So how can the 100000 ton commercial spaceships land on the new planet that has an atmosphere and high gravity to unload colonists and factories?
Shuttles, which Steve is looking at adding.
(As an aside, it should probably be possible to build PDCs that can have at least some of these components, for initial launch and secure storage.)
Or how does the 10000 ton capacity commercial shipyard you build ( which is bound to weight at least 2 times that amount ) get into orbit?
In pieces, obviously. But there's overhead to having to do in-space assembly without support. The shipyard provides that support for the ship.
Actually, I'd almost question the assumption that all of the workers must commute to orbit. I'd expect that a lot of the work happens on the ground, and the resulting pieces are then launched into orbit. We know this can be done (that's how building components in the factories works) and there's no reason to assume they'd insist on doing everything in space.
And why is it so easy to commute millions of shipyard workers but no other orbital infrastructure can be allowed to require workers?
I don't know. Under the current setup, we don't have other orbital infrastructure, except stuff specifically designed for forward basing, where requiring ground-based crew would sort of defeat the purpose.
You can say what you want about most of Steves other game mechanics and how much handwaving is done, but they are for the most part consistent ( this is what I love about them the most and which helps immersion into the story alot too ).
I'm all in favor of consistency, to be sure. And I think we're working towards a new equilibrium on that.
Even if you bring the needs down by weekly shifts and bussing by 2 orders of magnitude we are still talking about 25 million tons of Civilian craft per year for commuting alone, to produce less then 1/50:th as much tons of ships ( assuming 10 day weeks and 100kg "bus" per worker which is extremely low ).
Do you have any idea what the ratio between cars and ship tonnage produced is today? Let's take Electric Boat, because they only produce one kind of ship these days (the Virginia-class submarine). They have 13,000 employees, and produce one 7800-ton ship every two years. If we assume 250 working days a year, that's (rounding shamelessly) 1.2 kg/worker/day. Yes, there's a lot of overhead included in that number. Yes, they build nuclear submarines, which means high standards. Under your numbers, that comes to 1/10th the launched mass, but I don't think it's unreasonable to assume that EB's subcontractors could lower that by another factor of 2 or 3. We're in the same ballpark.
Let's try another. The Boeing plant in Renton produces 42 737s each month, and employs about 11,000 people.
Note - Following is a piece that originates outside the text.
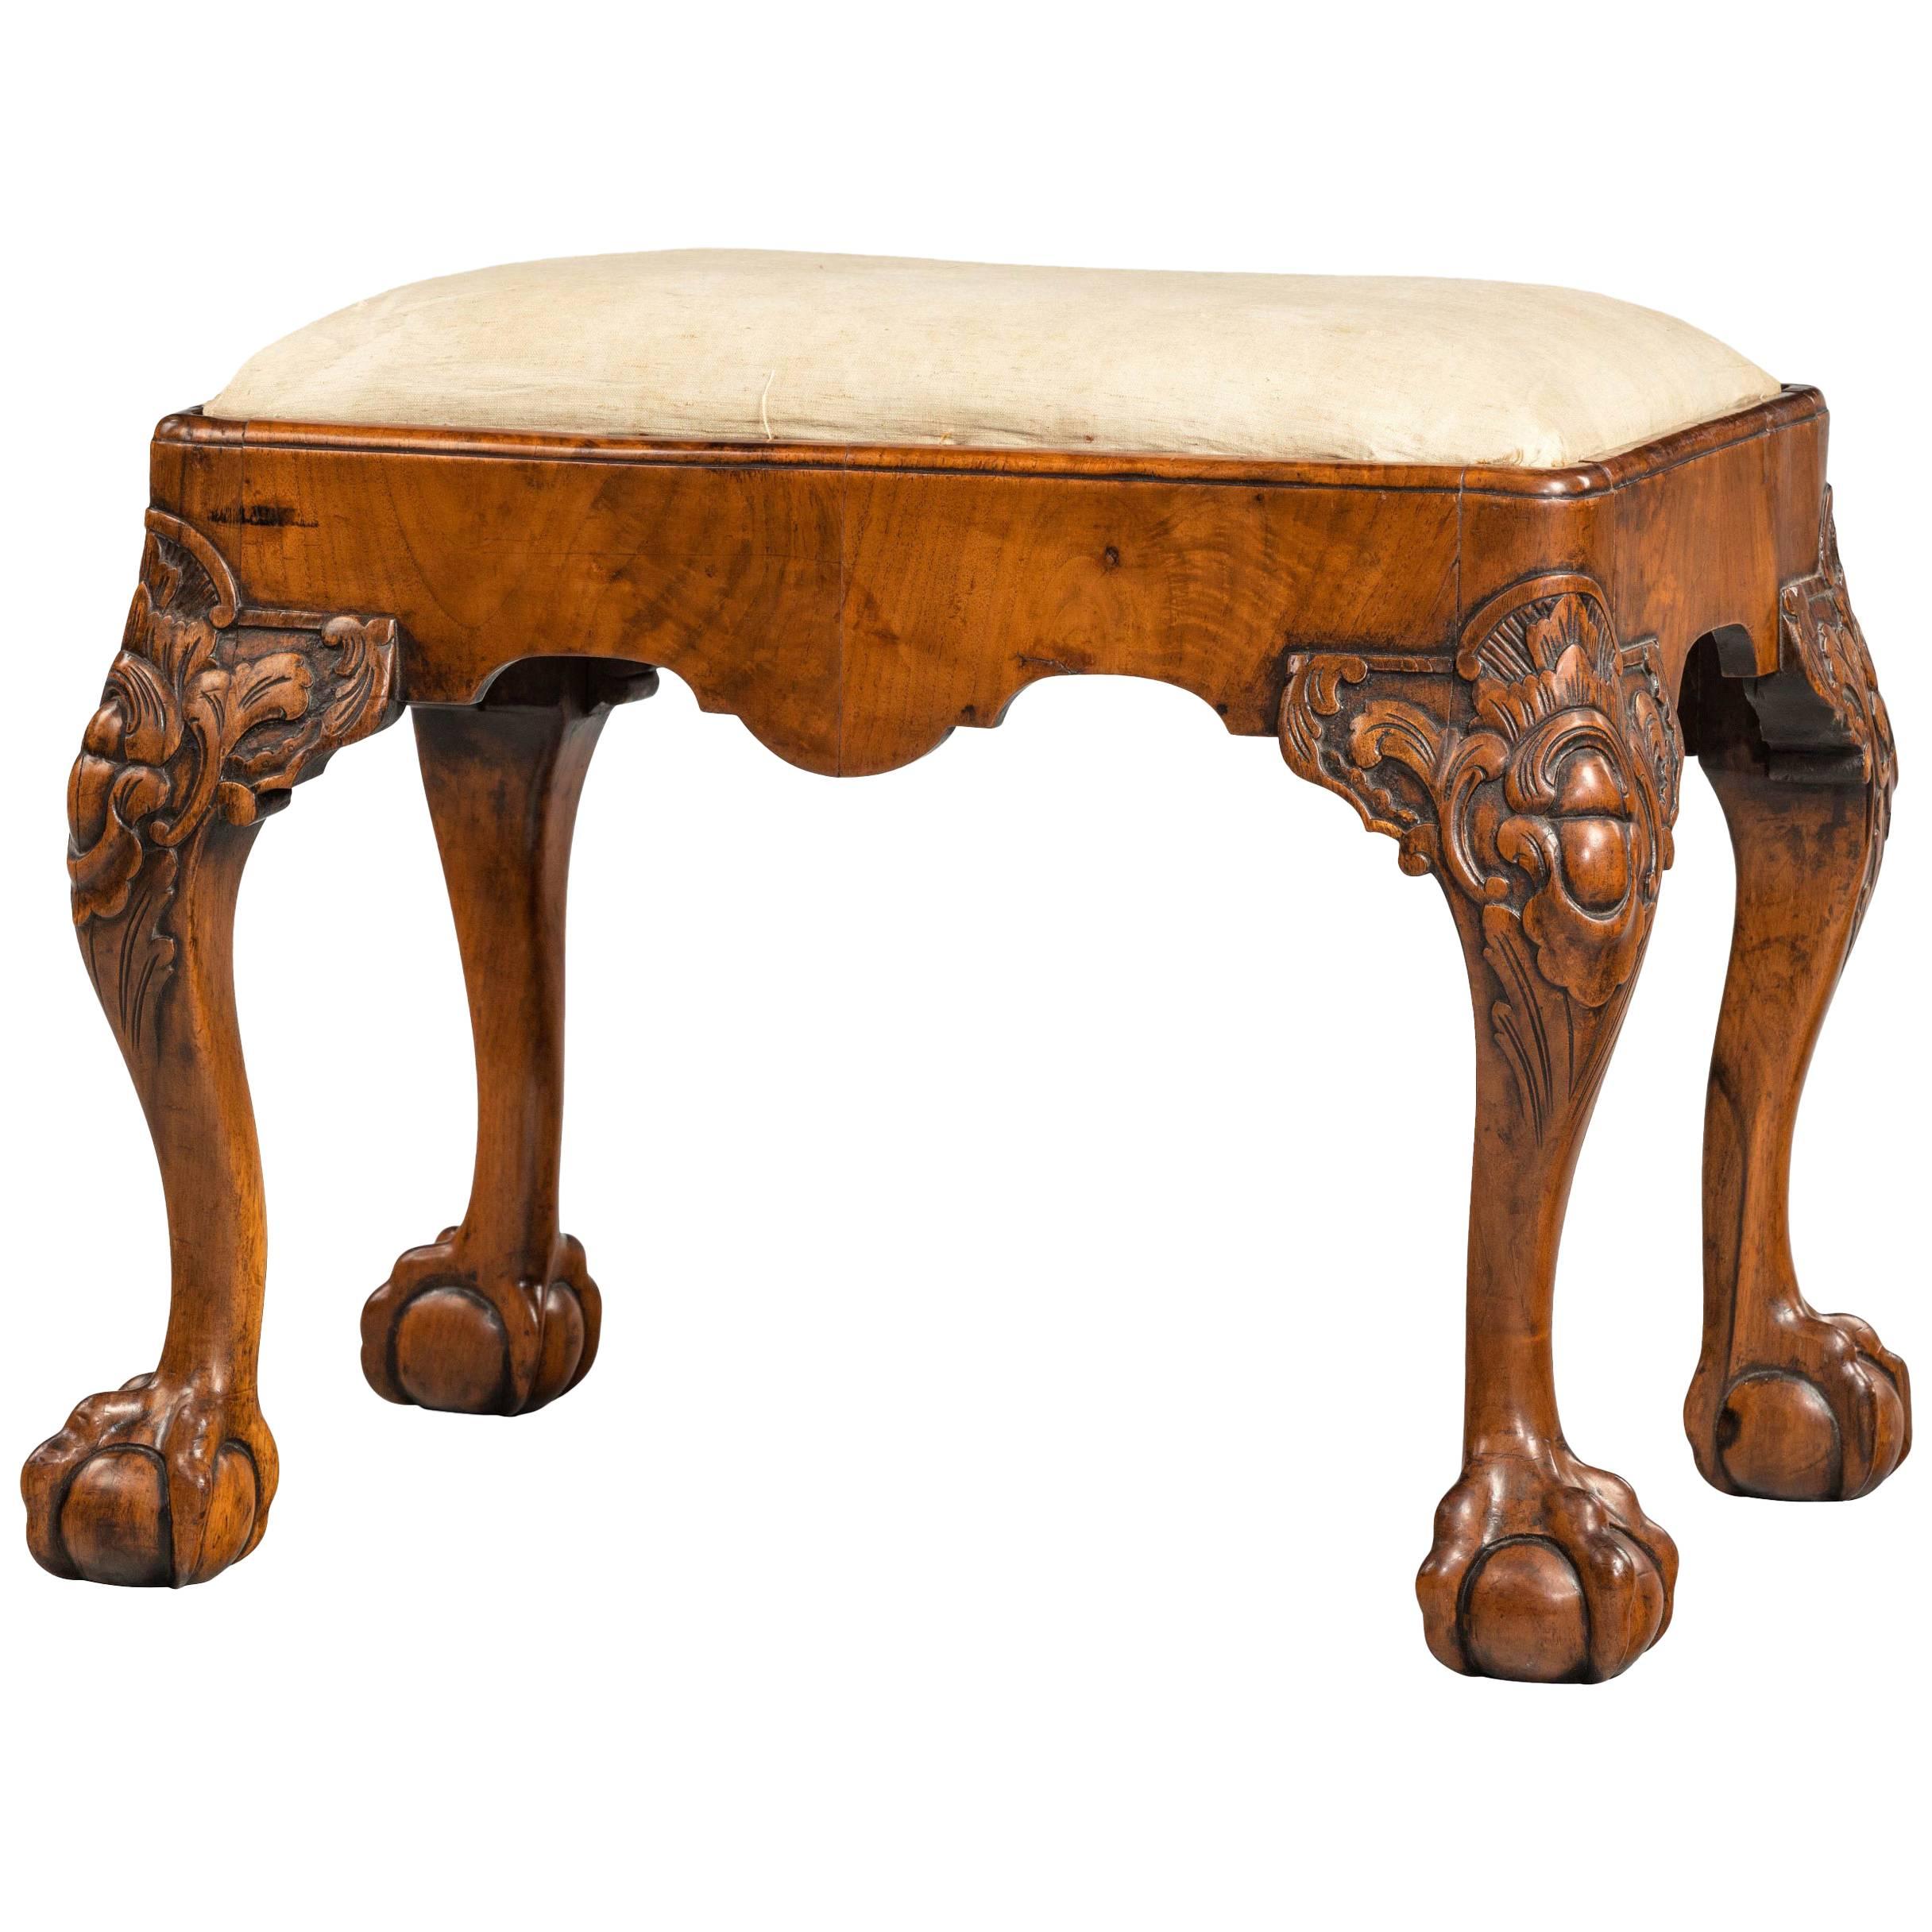 Finely Carved Mid-18th Century Walnut Stool
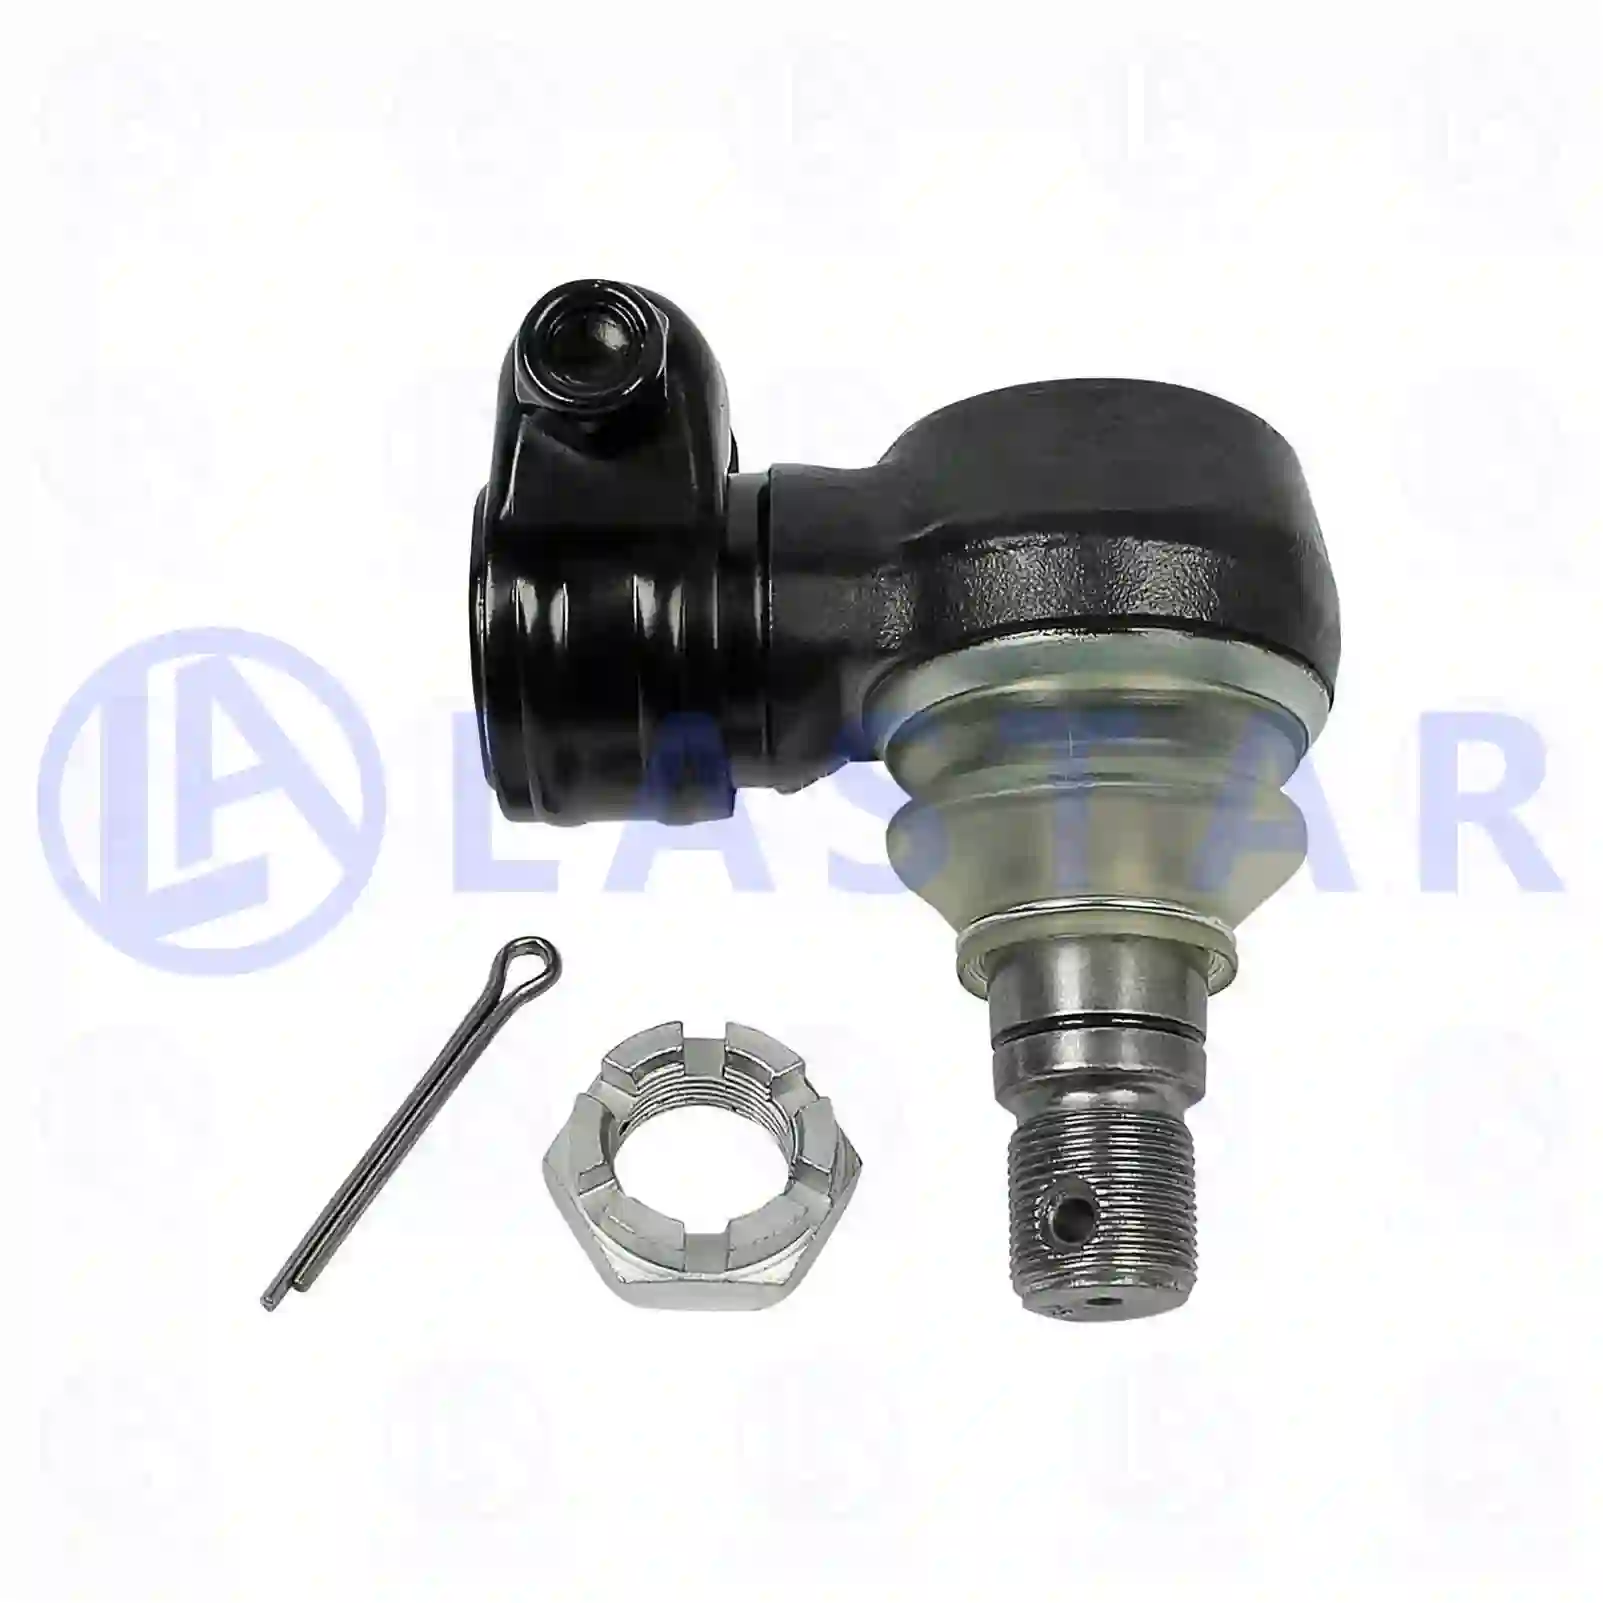 Ball joint, right hand thread, 77730382, 55175540, 93192809, 81953016238, 82953016015, 0024601448, 011019869, 012216380, 281953016238, 46181340, 55175540 ||  77730382 Lastar Spare Part | Truck Spare Parts, Auotomotive Spare Parts Ball joint, right hand thread, 77730382, 55175540, 93192809, 81953016238, 82953016015, 0024601448, 011019869, 012216380, 281953016238, 46181340, 55175540 ||  77730382 Lastar Spare Part | Truck Spare Parts, Auotomotive Spare Parts

Neglecting work done in other plants (a lot) each worker produces about (42 A/C*41430 kg)/(21 days*11,000 people) = 7.5 kg/worker/day. I'd suggest taking at least a factor of 5 out of that number, based on how much gets built elsewhere.
No it doesn't. I'm trying to compare the amount of work/effort needed to transport the finished Military ship once into orbit, and the millions of workers constantly.
Yes. That's a good point, except that we're clearly in a setting where launch costs for personnel and small units of cargo are very cheap compared to today. (Small refers to the size of each unit, not the total volume). We can easily put all the pieces of the military ship in orbit. The problem is that a finished one is too big to fit in our laser launcher, and thus has to be put together up there.